Altcademy - a Forbes magazine logo Best Coding Bootcamp 2023

How to create a legend in matplotlib

Understanding Legends in Data Visualization

When you're starting out with programming and data visualization, one of the tools you'll likely encounter is Matplotlib, a plotting library in Python that enables you to create a wide range of static, animated, and interactive visualizations. A key component of these visualizations is the legend—a small area on the plot that explains the symbols, colors, or line types used on the chart.

Think of a legend as a map's key. Just as a map key explains what each symbol or color means (like how a dashed line might represent a boundary or a blue area might signify water), a legend in a plot tells you what each plot element represents. This is especially useful when you have multiple datasets or categories shown in one plot.

Starting with a Simple Plot

Before we add a legend, let's start by creating a simple plot. To do this, we need to use Matplotlib's pyplot module, which we'll import under the alias plt for convenience.

import matplotlib.pyplot as plt

# Sample data
x = [1, 2, 3, 4, 5]
y = [2, 3, 5, 7, 11]

# Creating a simple line plot
plt.plot(x, y)

# Display the plot
plt.show()

In this example, we create a basic line plot using x and y lists as data points. When you run this code, a window will pop up showing a line graph of the data.

Adding the First Legend

To add a legend, we'll need to label our plot elements when creating them. Then we'll call the legend() function.

# Sample data
x = [1, 2, 3, 4, 5]
y = [2, 3, 5, 7, 11]

# Creating a line plot with a label
plt.plot(x, y, label='Prime Numbers')

# Adding the legend
plt.legend()

# Display the plot
plt.show()

Here, we've added label='Prime Numbers' to our plot() function. This label is what will appear in the legend. The plt.legend() line tells Matplotlib to display the legend. You'll now see a box with the label 'Prime Numbers' next to a line that represents the data on the plot.

Customizing the Legend

Matplotlib allows you to customize the legend's location and appearance. You might want to move your legend inside the plot area because it's blocking some data, or you might want to change its style.

# Customizing the legend's location
plt.legend(loc='upper left')

# Customizing the legend's appearance
plt.legend(loc='best', frameon=False, fontsize='large')

The loc parameter can take values like 'upper left', 'lower right', etc., or 'best', which lets Matplotlib decide the optimal location. frameon=False removes the box around the legend, and fontsize adjusts the text size.

Plotting Multiple Lines with Legends

Let's plot multiple lines, each representing a different sequence of numbers.

# Sample data
x = [1, 2, 3, 4, 5]
primes = [2, 3, 5, 7, 11]
fibonacci = [1, 1, 2, 3, 5]

# Creating multiple line plots with labels
plt.plot(x, primes, label='Prime Numbers')
plt.plot(x, fibonacci, label='Fibonacci Sequence')

# Adding the legend
plt.legend()

# Display the plot
plt.show()

Now, our legend contains two items: 'Prime Numbers' and 'Fibonacci Sequence', each corresponding to a line on the plot.

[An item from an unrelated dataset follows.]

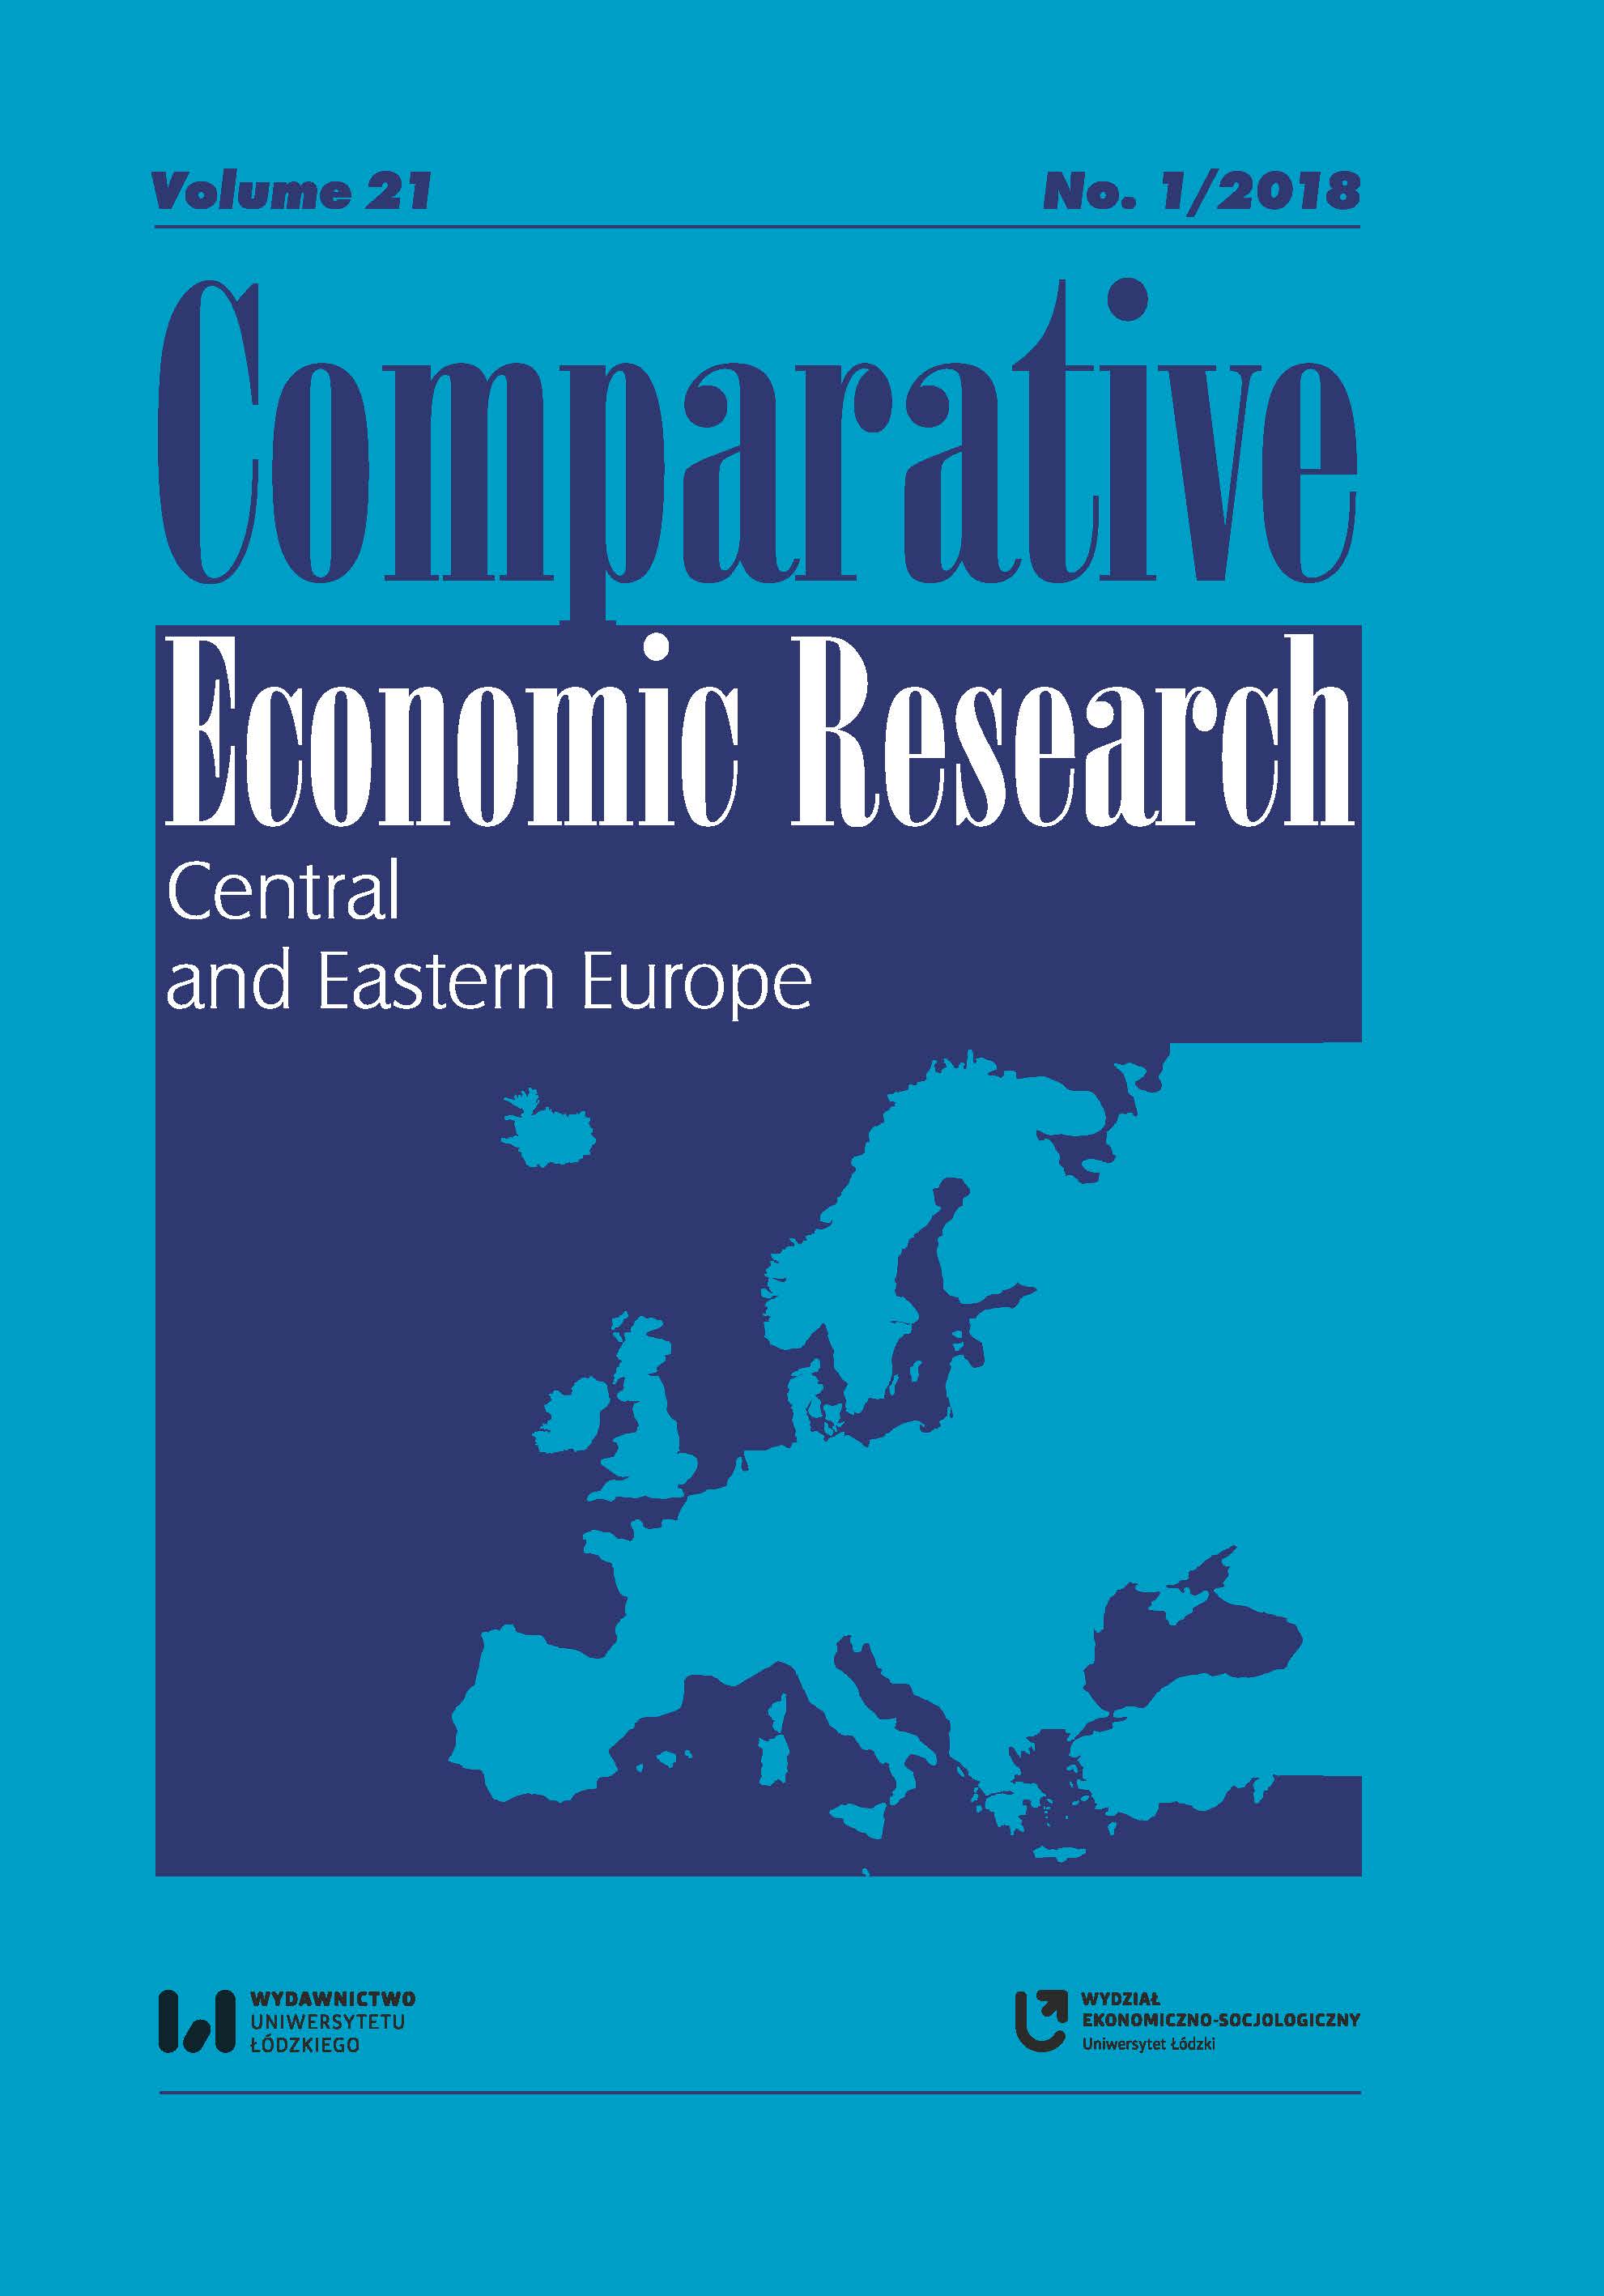 Towards the Goals of the Europe 2020 Strategy: Convergence or Divergence of the European Union Countries?

Legends with Different Plot Types

Legends are not limited to line plots. They can be used with bar charts, scatter plots, and more. Let's create a scatter plot and add a legend to it.

# Sample data for scatter plot
x = [1, 2, 3, 4, 5]
y = [10, 20, 25, 30, 40]

# Creating a scatter plot with a label
plt.scatter(x, y, label='Data Points')

# Adding the legend
plt.legend()

# Display the plot
plt.show()

The process is similar to adding a legend to a line plot. We use the scatter() function for creating scatter plots, and we still use label to define the legend's text.

Handling Overlapping Legends

Sometimes, a legend might overlap with your data, making it hard to read. You can adjust the legend's opacity to see the data underneath it by using the alpha parameter.

# Adding a legend with transparency
plt.legend(loc='best', framealpha=0.5)

framealpha controls the transparency of the legend's background. A value of 0.5 means 50% transparent.

Conclusion

Legends are an essential part of data visualization, as they help to distinguish between different data series or categories. With Matplotlib, creating and customizing legends is straightforward, allowing you to enhance the readability and professionalism of your plots.

By following the examples provided, you can add legends to your plots, customize their appearance, and make sure they complement your data rather than obscure it. As you continue to explore Matplotlib and data visualization, remember that the goal is to communicate information clearly and effectively. A well-placed and well-designed legend is a small but powerful tool in achieving that goal.

As you embark on your programming journey, think of each plot as a story you're telling with data. The legend is the guide that helps your audience follow along. With practice, you'll learn to create legends that not only inform but also contribute to the aesthetic appeal of your visualizations. Happy plotting!